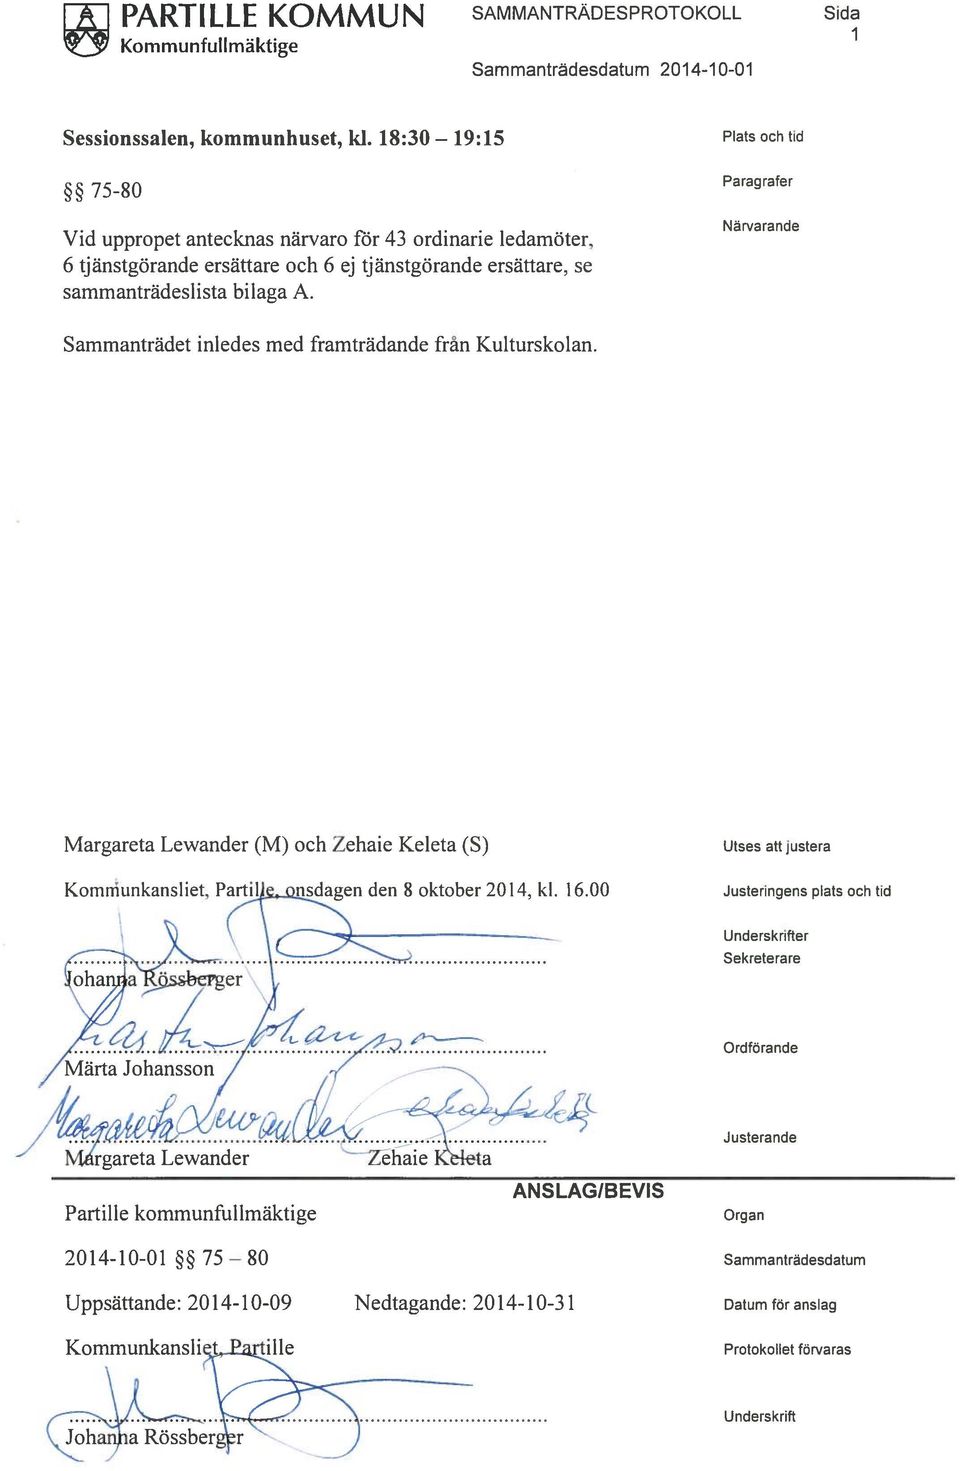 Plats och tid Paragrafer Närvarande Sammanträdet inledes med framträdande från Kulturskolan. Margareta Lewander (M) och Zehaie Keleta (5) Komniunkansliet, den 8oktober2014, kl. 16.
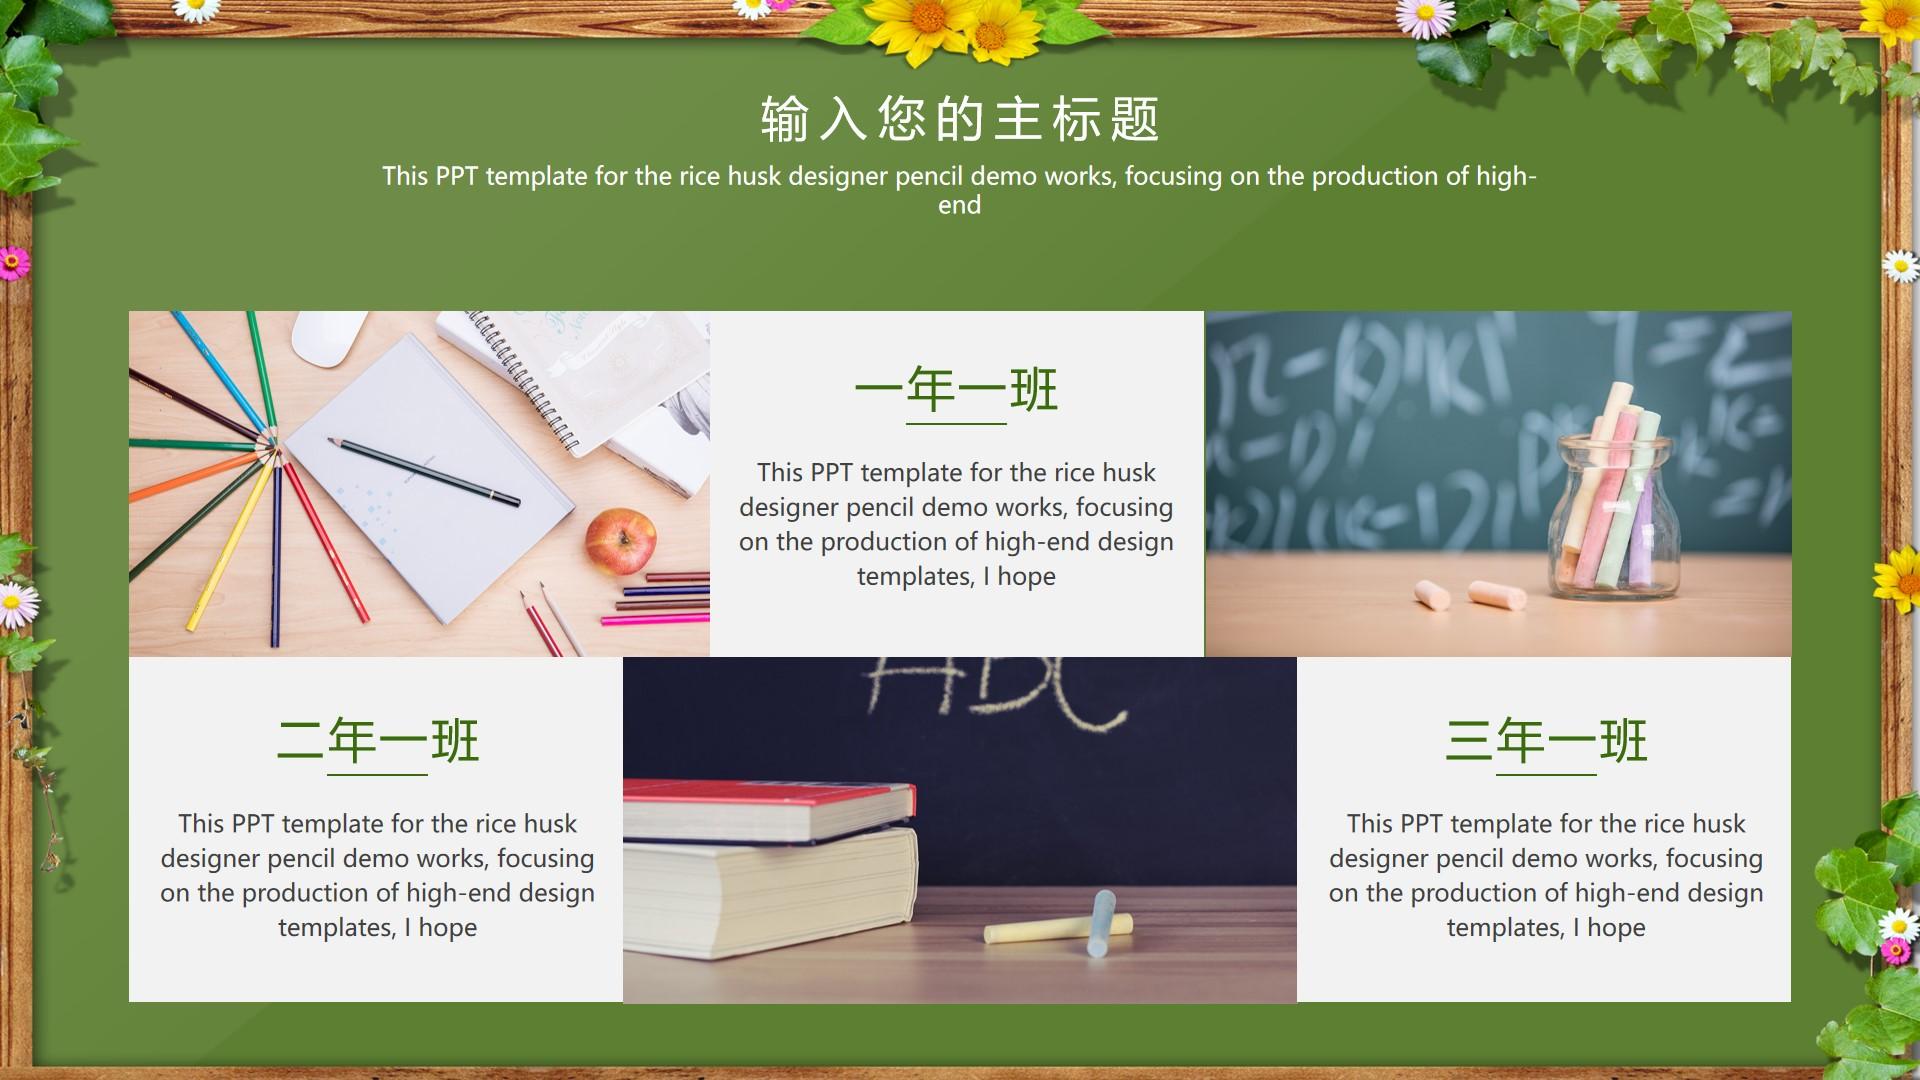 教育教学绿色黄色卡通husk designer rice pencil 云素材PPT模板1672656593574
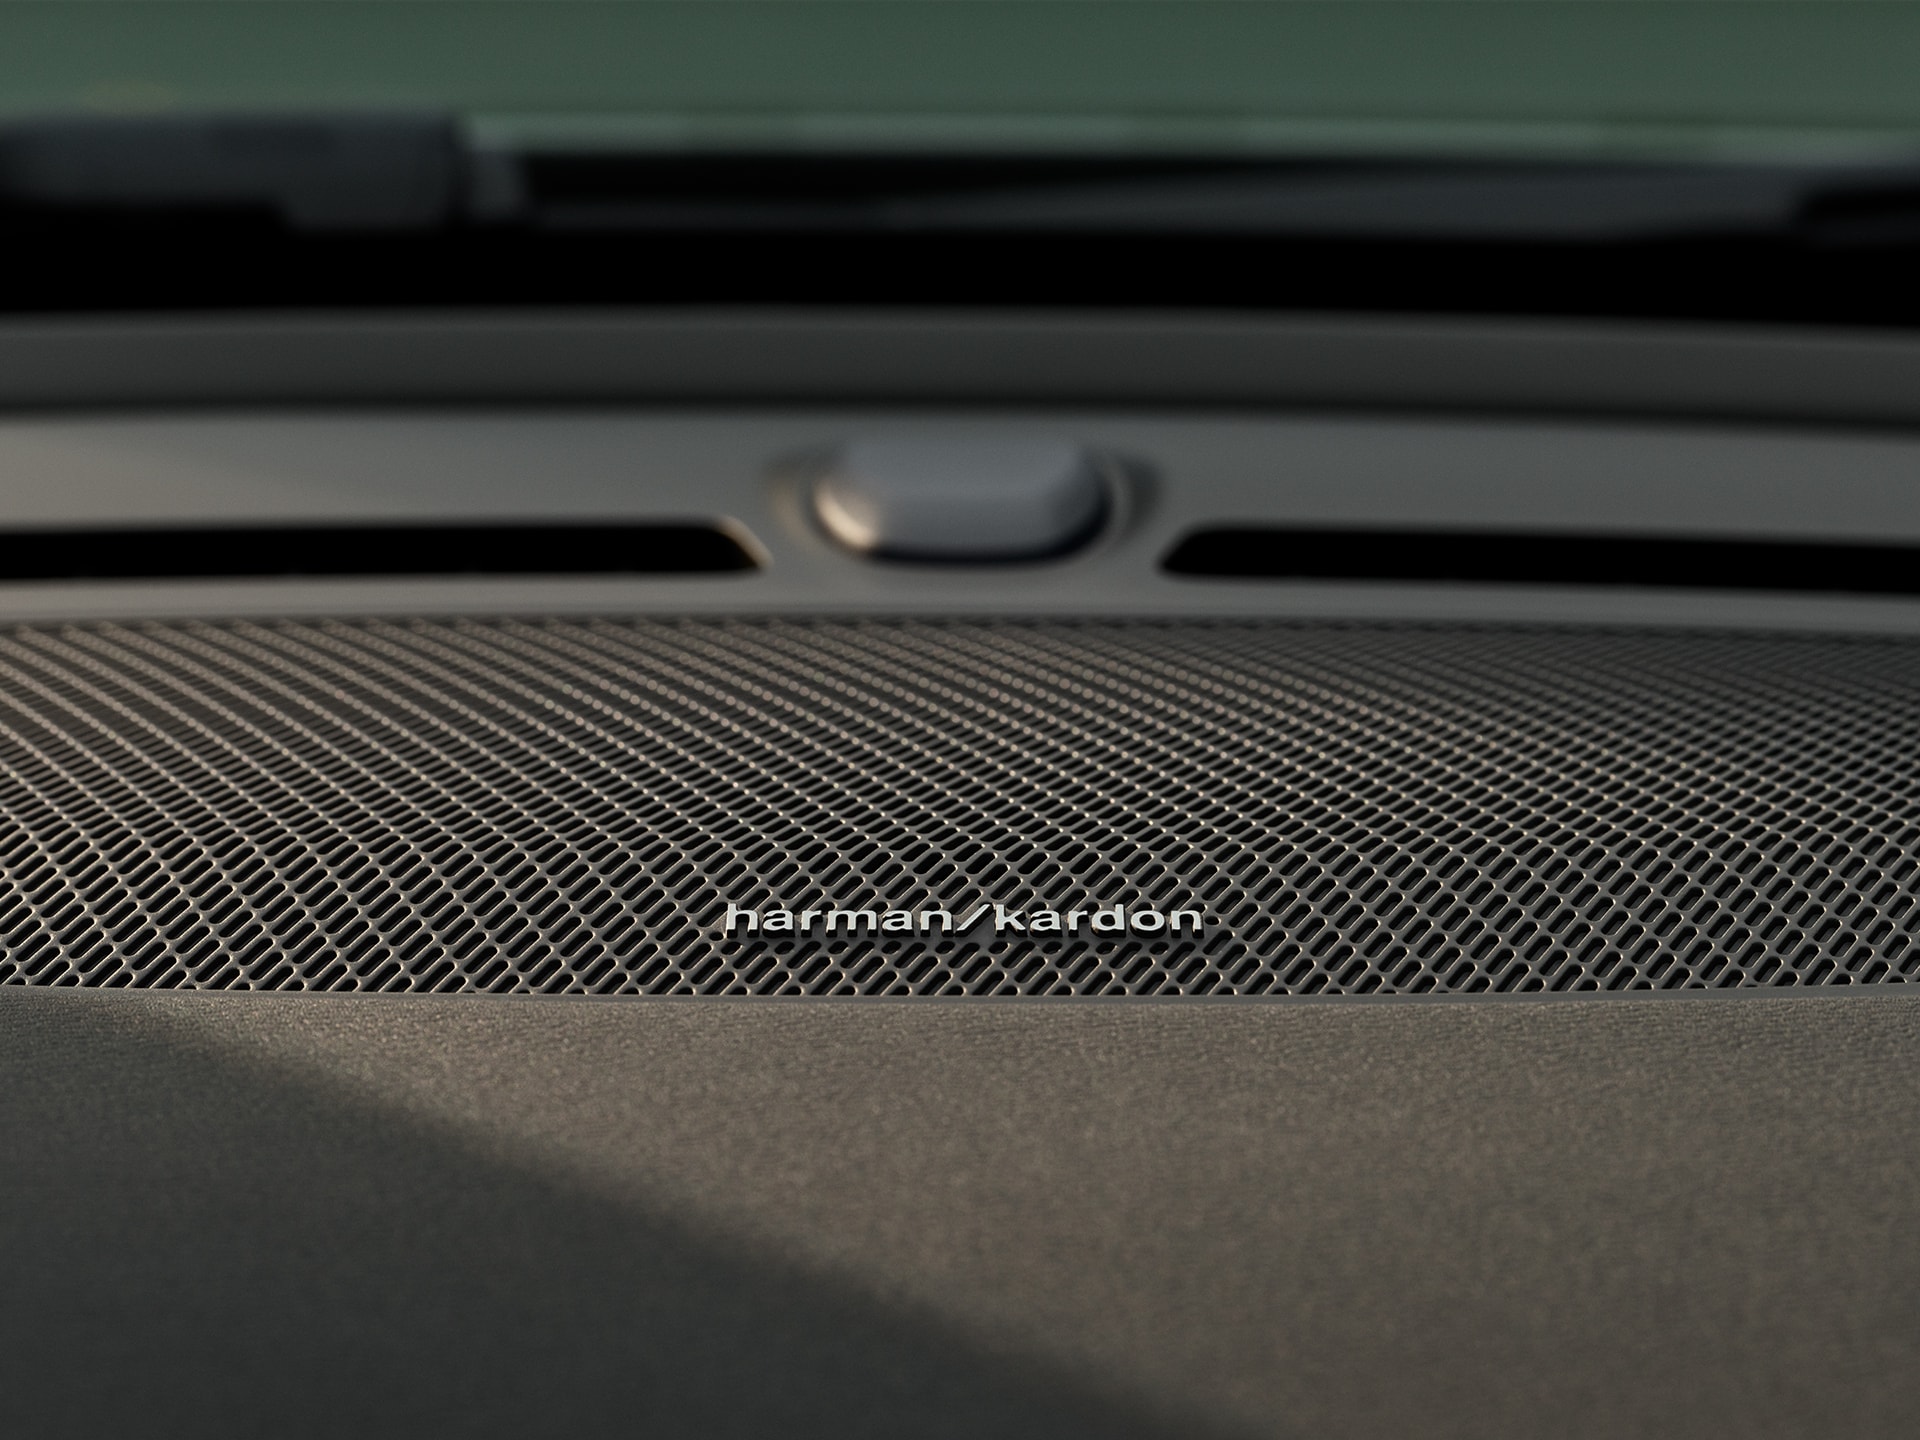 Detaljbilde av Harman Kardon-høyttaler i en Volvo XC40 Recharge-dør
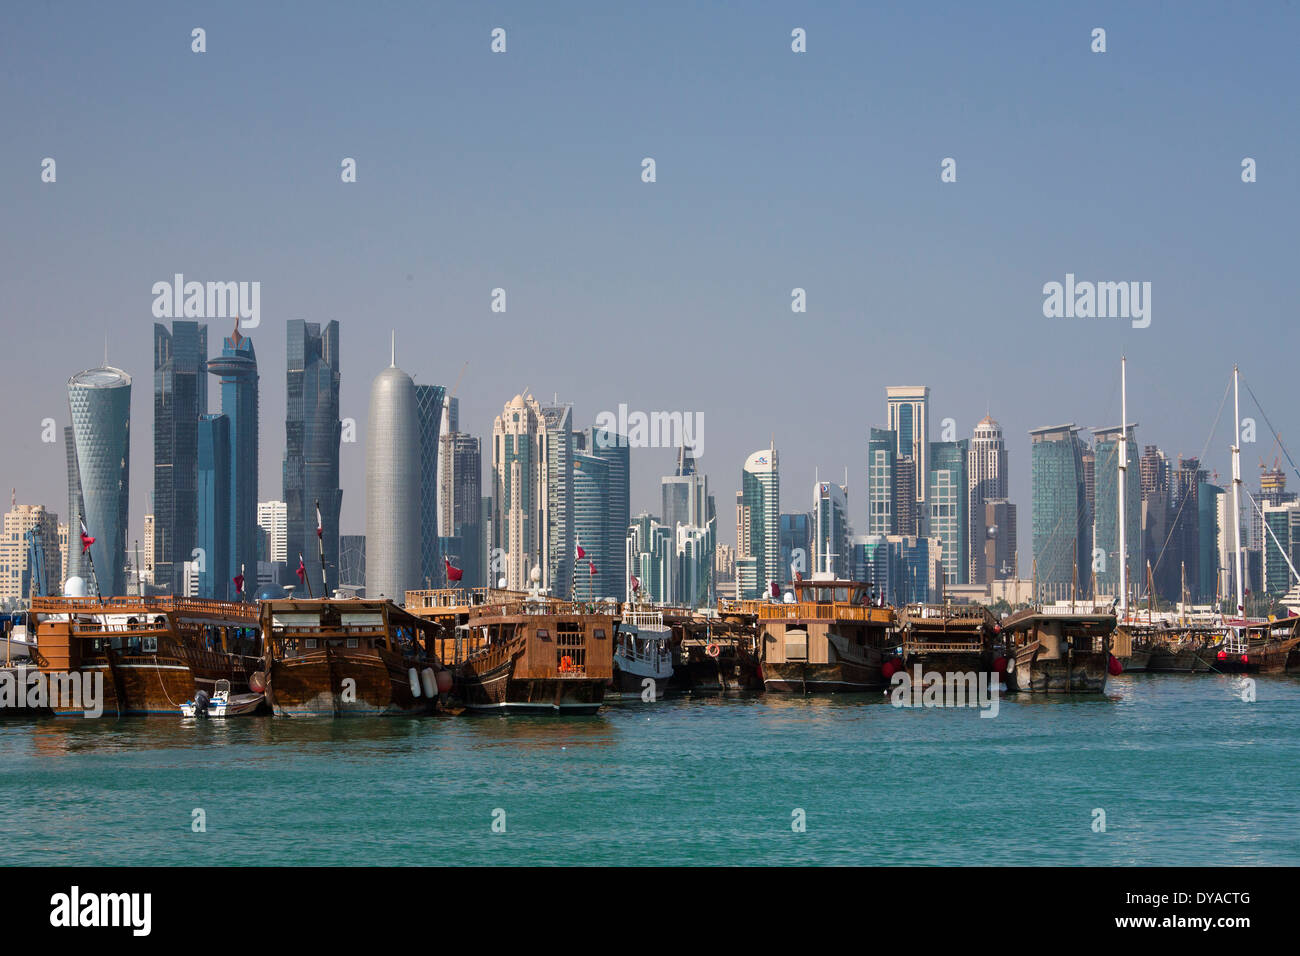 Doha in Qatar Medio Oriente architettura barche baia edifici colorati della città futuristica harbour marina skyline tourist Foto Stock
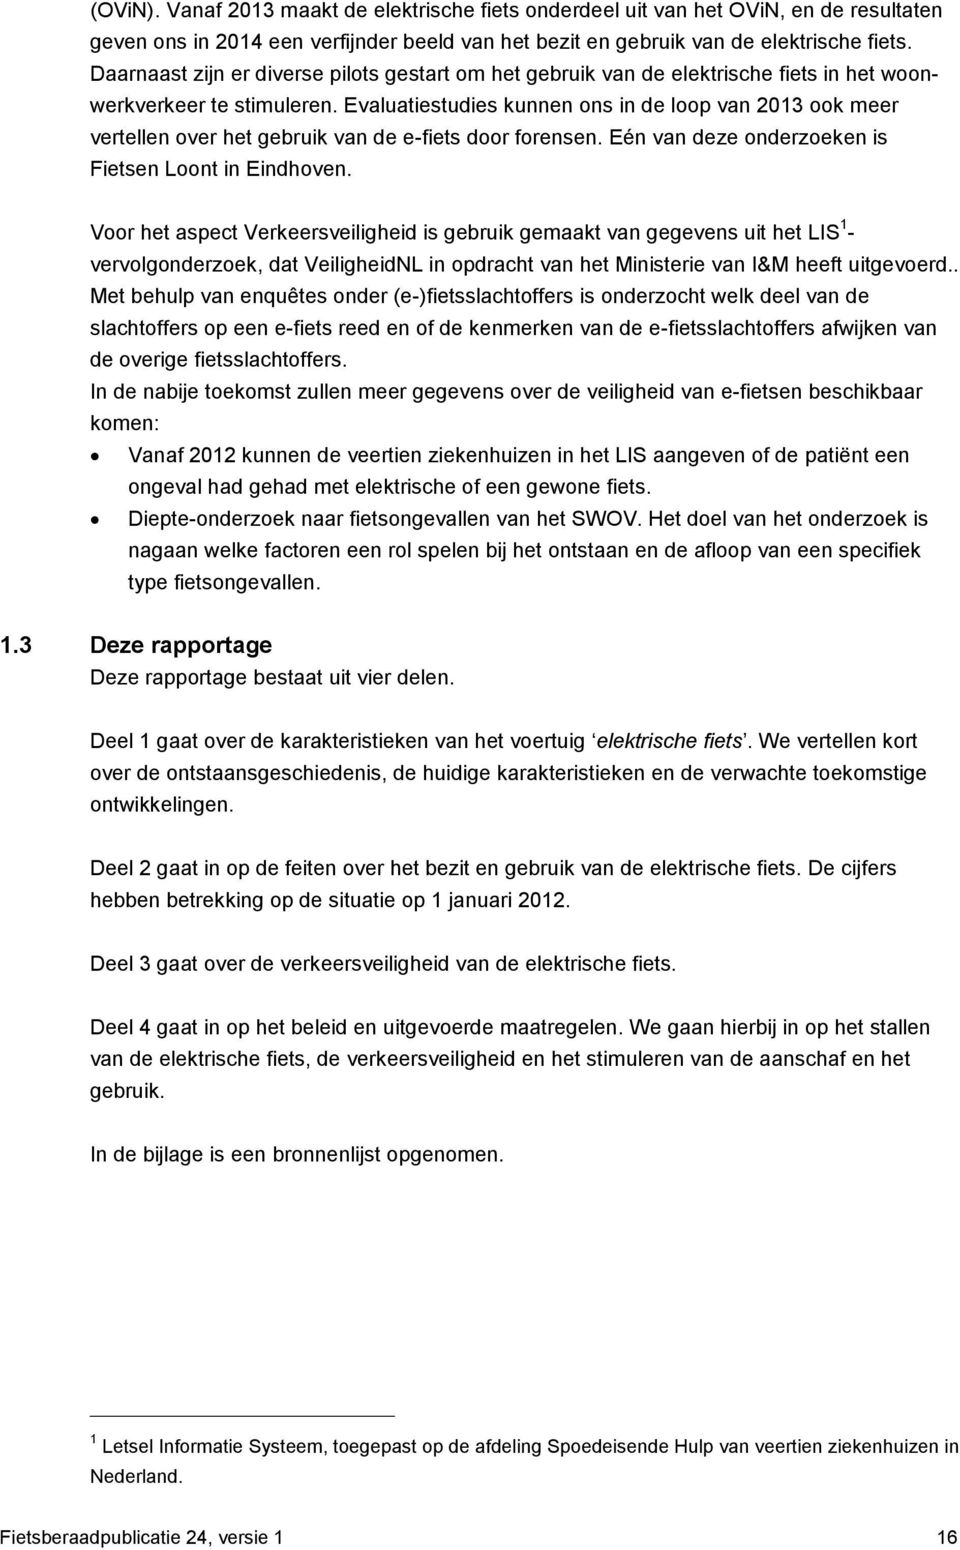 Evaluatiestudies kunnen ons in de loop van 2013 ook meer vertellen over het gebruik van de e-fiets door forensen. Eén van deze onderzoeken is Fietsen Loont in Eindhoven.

** Task objective **
Word for word, restate the lines from the line with "Doha in Qatar" through the last line of the entries, and nothing beyond them. Omit pictures.

** Final answer **
 Doha in Qatar Medio Oriente architettura barche baia edifici colorati della città futuristica harbour marina skyline tourist Foto Stock
 Evaluatiestudies kunnen ons in de loop van 2013 ook meer vertellen over het gebruik van de e-fiets door forensen. Eén van deze onderzoeken is Fietsen Loont in Eindhoven.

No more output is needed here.